La Révolution française est un événement complexe qui alterna le meilleur comme le pire, et dans cette dernière catégorie, on peut y ranger la Terreur, dont le réalisateur italien semble trouver un prélude dans l’exécution de Louis XVI, le lundi 21 janvier 1793 à 10 h 22, à Paris, sur la place de la Révolution (ancienne place Louis XV, devenue en 1795 la place de la Concorde) : après cela, le déluge.

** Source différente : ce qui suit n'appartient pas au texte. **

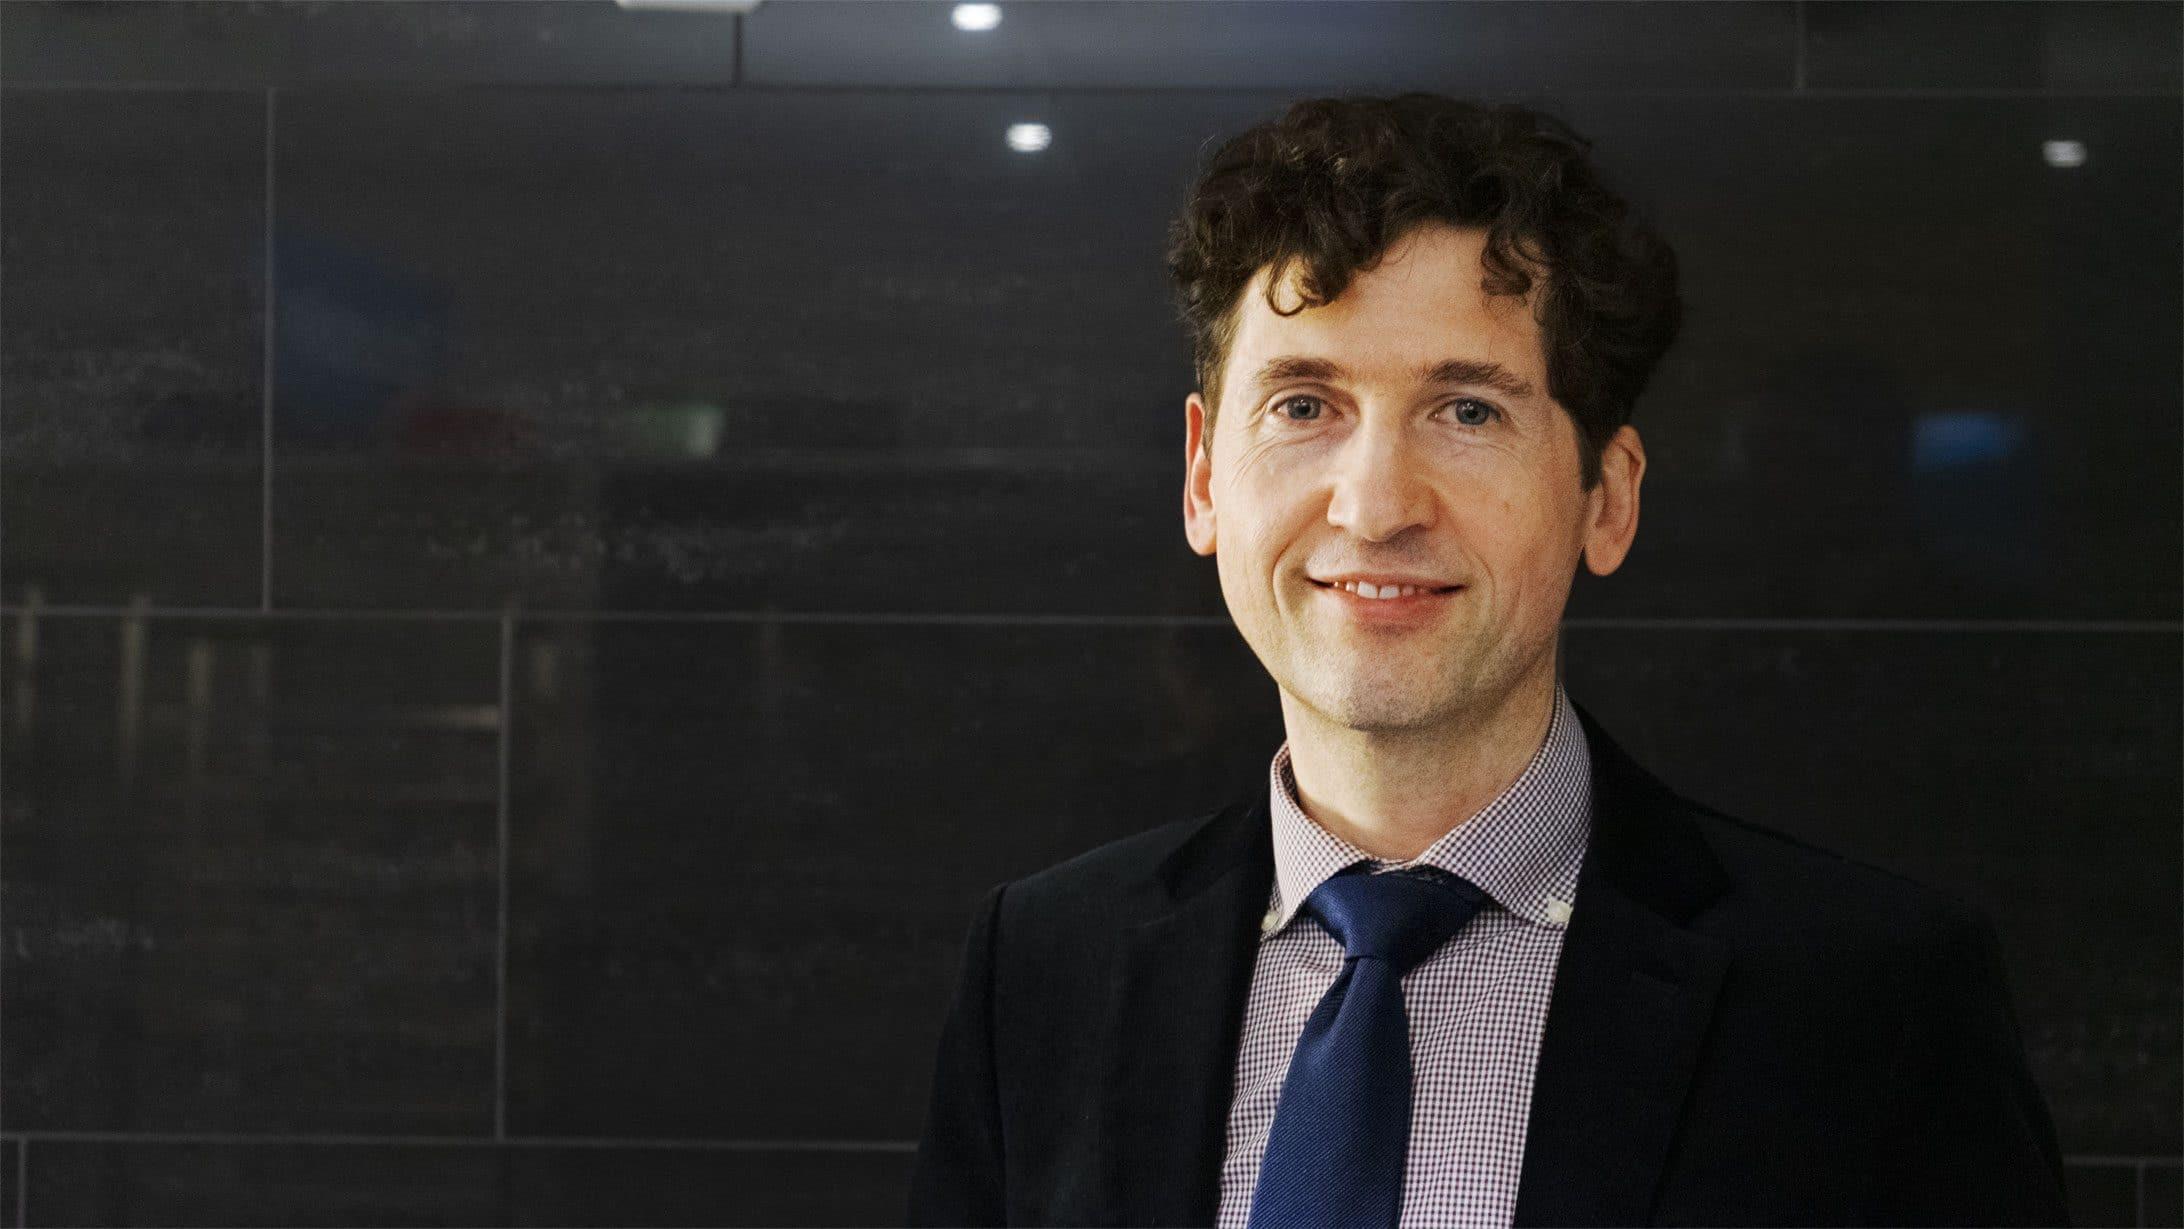 Michael Egloff, Teil der Männersprechstunde und Endokrinologe am KSB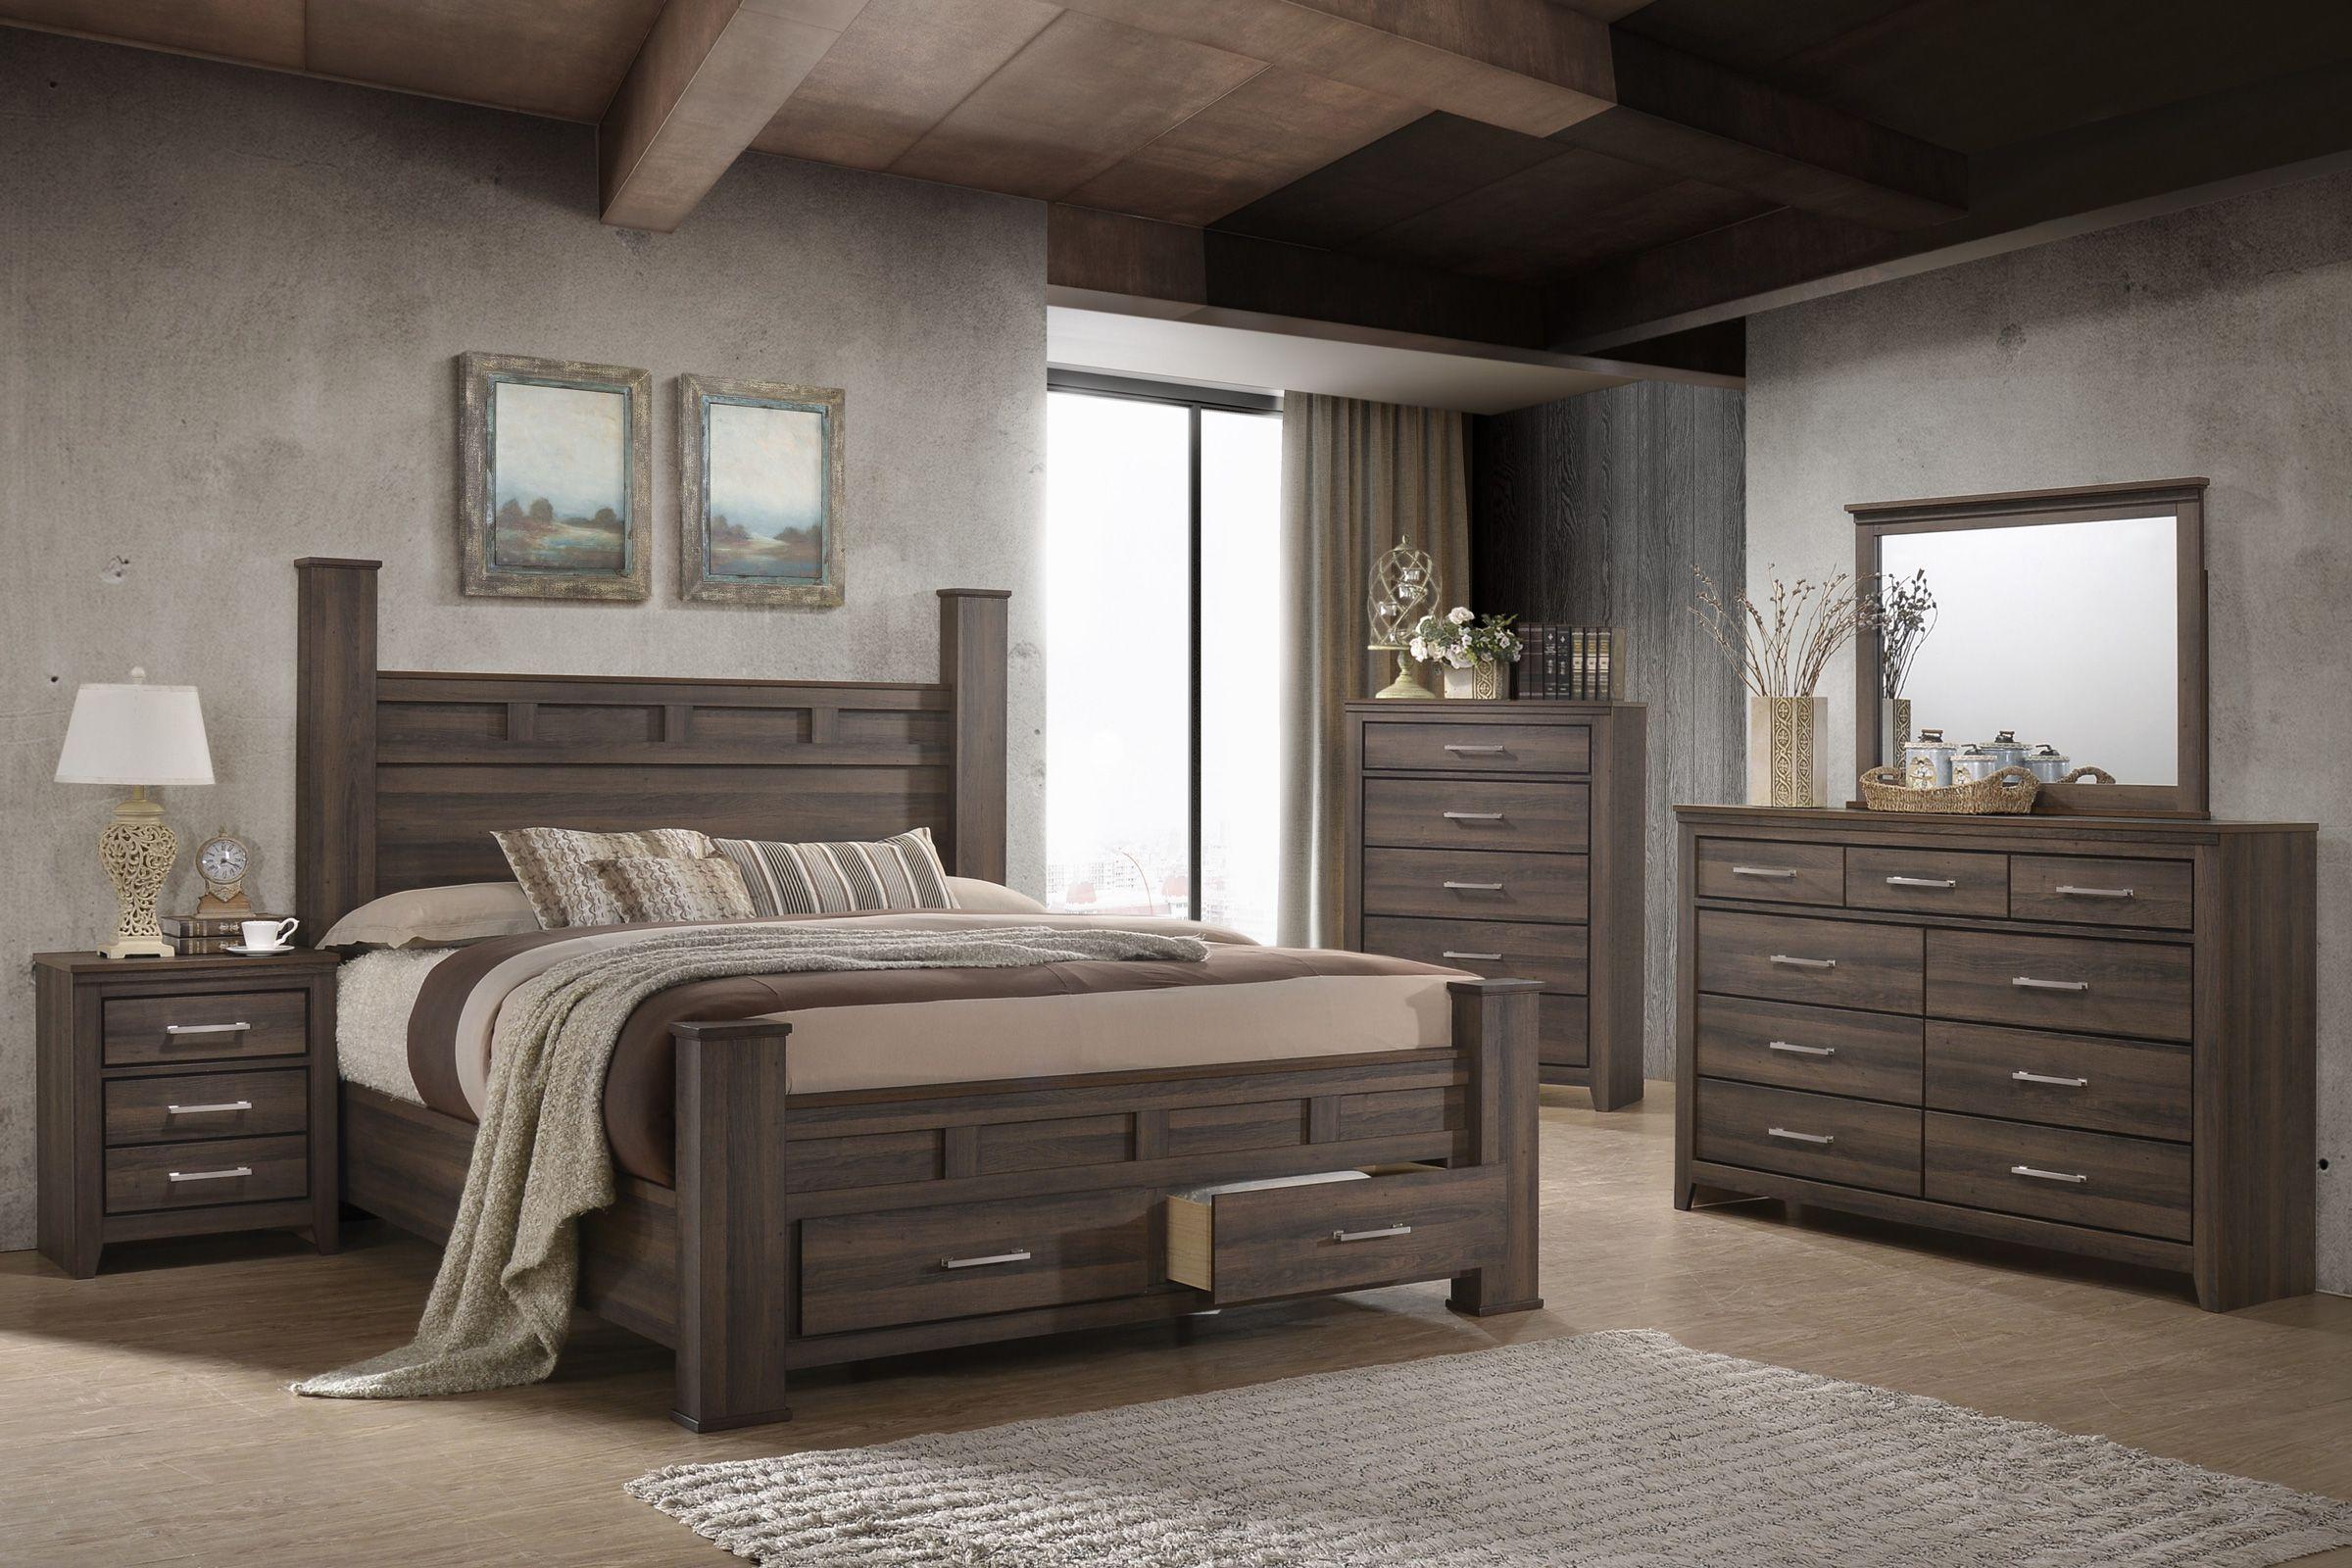 Danville 5 Piece Queen Bedroom Set At Gardner White

Après Sofia Coppola en 2006 (Marie-Antoinette, basée sur un ouvrage d’une historienne britannique, Antonia Fraser), il faut donc un cinéaste étranger non imprégné de la mythologie révolutionnaire pour renouveler le regard sur cette femme peut-être prise dans un destin trop grand pour elle, comme pour toute cette famille, et les habits qu’on lui fit porter, parce qu’on ne devient pas une tête couronnée par vocation, mais par naissance, ce qui n’altère pas l’humanité consciente de son sort et de sa contingence.
Le Déluge nous présente donc une famille de bric et de broc, l’Autrichienne étant devenue « dauphine de France en 1770, à 14 ans, par son mariage avec le futur Louis XVI, puis reine de France en 1774, à 18 ans, lorsque son époux monta sur le trône, et qui sera guillotinée en octobre 1793 à l’âge de 37 ans.
Si le Guillaume Canet en Louis XVI de cette œuvre est parfois comparé à François Hollande dont sa débonnaireté, il faudrait rappeler que ce dernier, malgré un bilan assez terne, est un animal politique aux intuitions certaines, et dont le courage est parfois sous-estimé, de sa décision d’intervenir au Mali (opération Serval) à sa volonté de s’engager en Syrie en 2013, mais qu’il rencontra la pleutrerie de Barack Obama (Le jour où Barack Obama avait effacé sa « ligne rouge » sur la Syrie, Le Monde, 7 avril 2017 ; Le coût de l’inaction de Barack Obama, 23 mars 2016, Les Échos ; Syrie : François Hollande rappelle que Bachar al-Assad aurait pu être renversé en 2013, « si Barack Obama nous avait suivis », Public Sénat, 9 décembre 2024 ; etc.), dont le bilan est de plus en plus jugé sévèrement, jusqu’à son humour, avec cette humiliation publique qui décida peut-être de la candidature de Donald Trump (Le 30 avril 2011, ce jour où humilié par Obama, Donald Trump a décidé d’être candidat, Agathe Auproux, 9 novembre 2016, Les Inrockuptibles, 9/11/16). Passée l’exaltation du premier métis à la Maison blanche, viendra le regard froid de l’historien.
Le Déluge raconte donc la vie d’une famille dans l’attente d’un verdict qu’elle pressent mortel, avec un papa qui veut rester joueur et de bonne humeur, dans un certain dépouillement des attributs royaux, n’étaient les somptueux costumes concoctés par Massimo Cantini Parrini. Par contre, le film souffre peut-être d’un certain dénuement des décors, qui rappelle parfois le théâtre, avec de grands espaces vides qui donnent froid mais qui n’empêche pas la belle photographie de Daniele Ciprì. On peut aussi comprendre que cette austérité dans le décor vise peut-être une certaine abstraction voulue le philosophe qu’est aussi Gianluca Jodice.
Les acteurs sont tous bien sans être cabotins, de Guillaume Canet à Mélanie Laurent (en femme qui a la tête sur les épaules en passant par Roxane Duran à Aurore Broutin à Fabrizio Rongione qui trouve une nouvelle vie après les Dardenne, dans le rôle de Jean-Baptiste Cléry, dont les écrits servent de matière au film.